→ **PROBLEM TO SOLVE**: Omit all images, then repeat exactly the lines below from the one containing "Brabantia Ironing Board" through the one containing "Family Dollar Instant", both ends included.

→ **DATASET**:

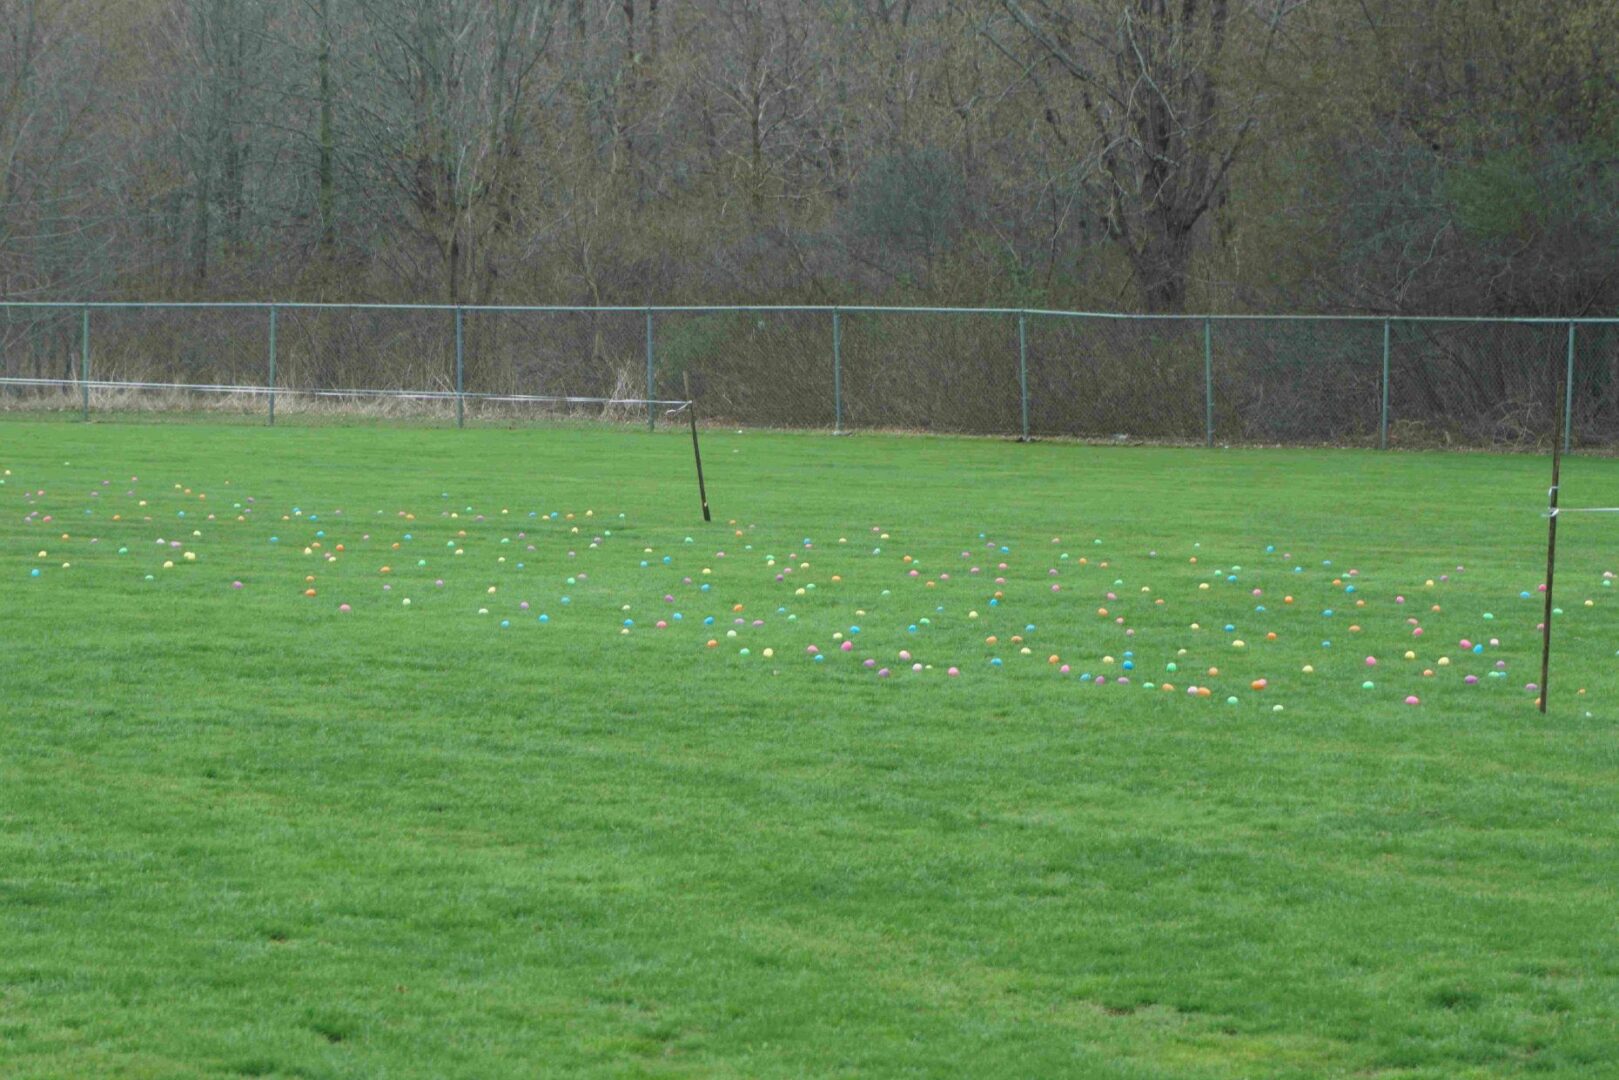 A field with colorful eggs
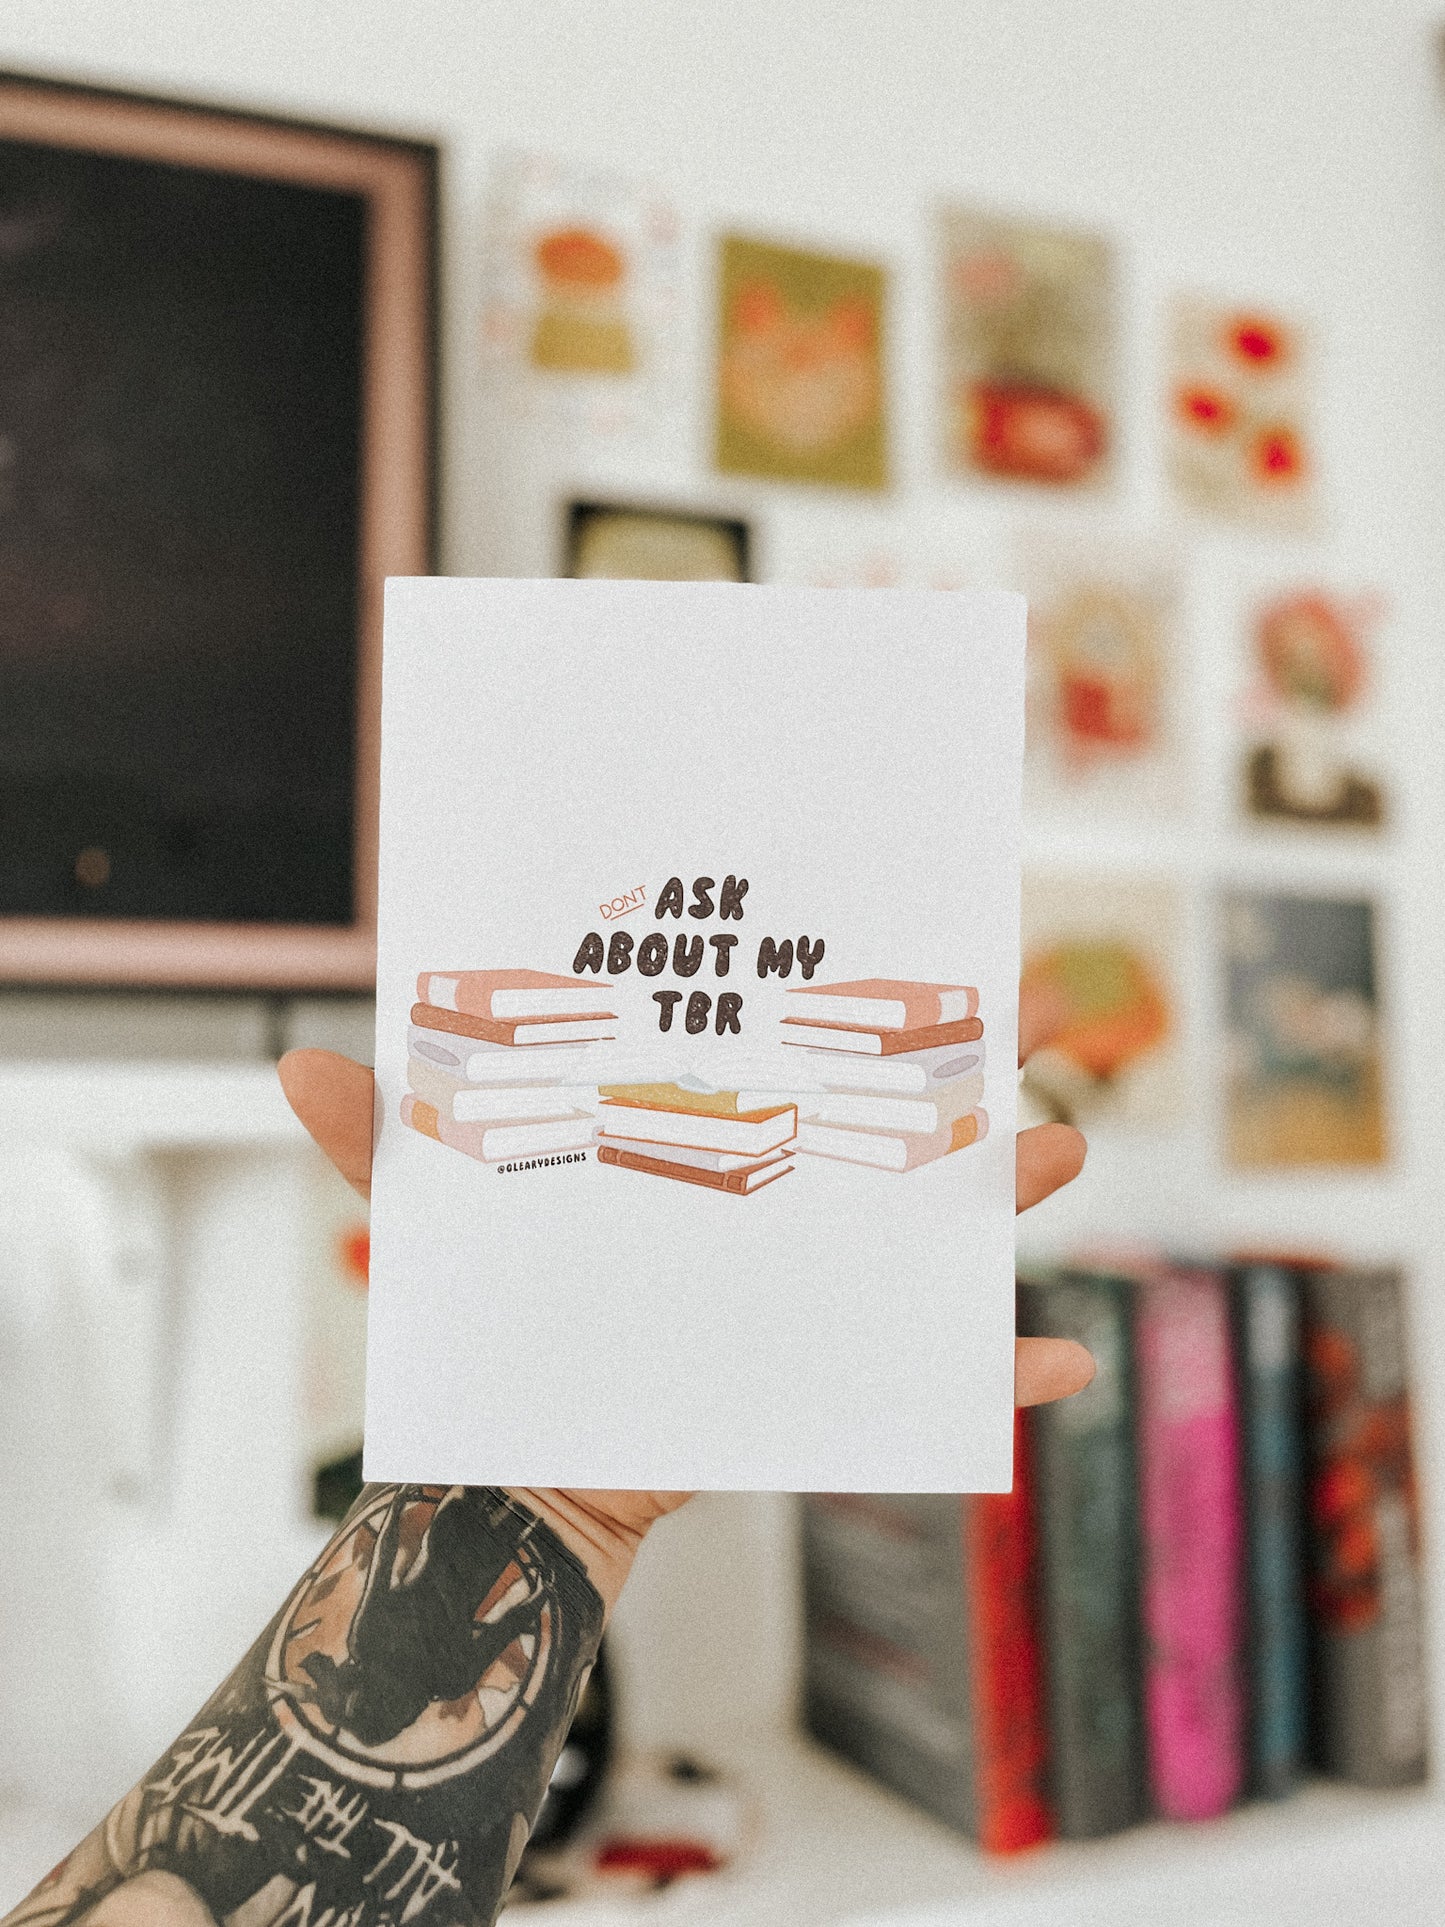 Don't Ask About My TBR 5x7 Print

---

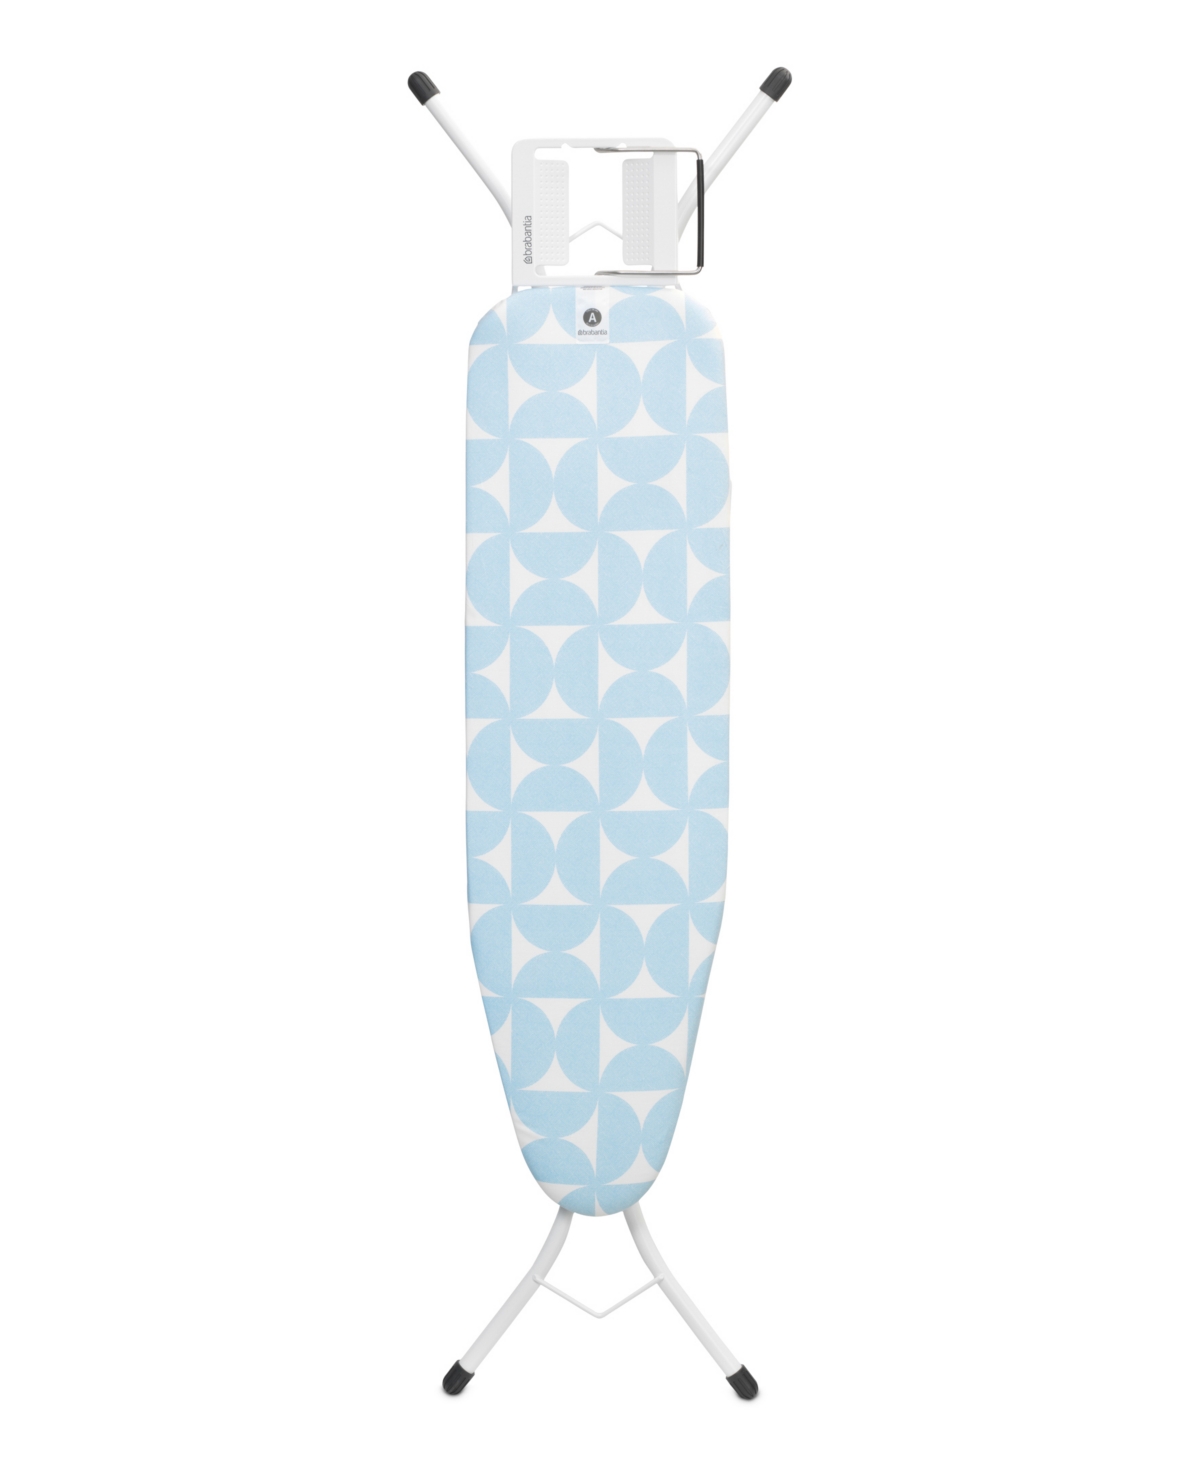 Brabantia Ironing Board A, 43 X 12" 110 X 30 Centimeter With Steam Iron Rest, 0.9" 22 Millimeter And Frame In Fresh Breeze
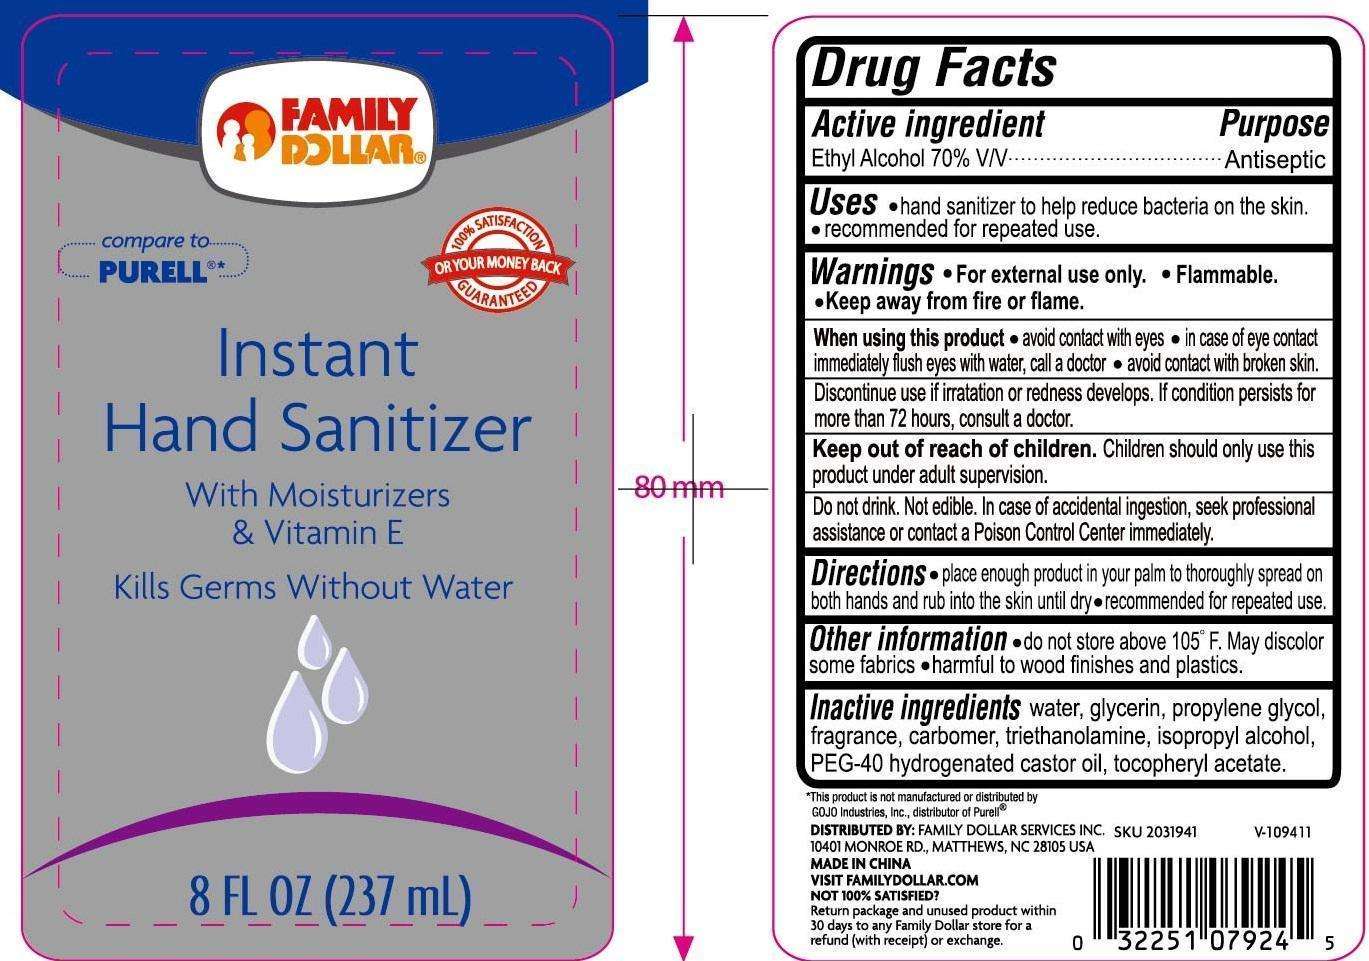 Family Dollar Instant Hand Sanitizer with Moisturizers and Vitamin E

→ **EXERCISE OUTPUT**:
 Brabantia Ironing Board A, 43 X 12" 110 X 30 Centimeter With Steam Iron Rest, 0.9" 22 Millimeter And Frame In Fresh Breeze
 Family Dollar Instant Hand Sanitizer with Moisturizers and Vitamin E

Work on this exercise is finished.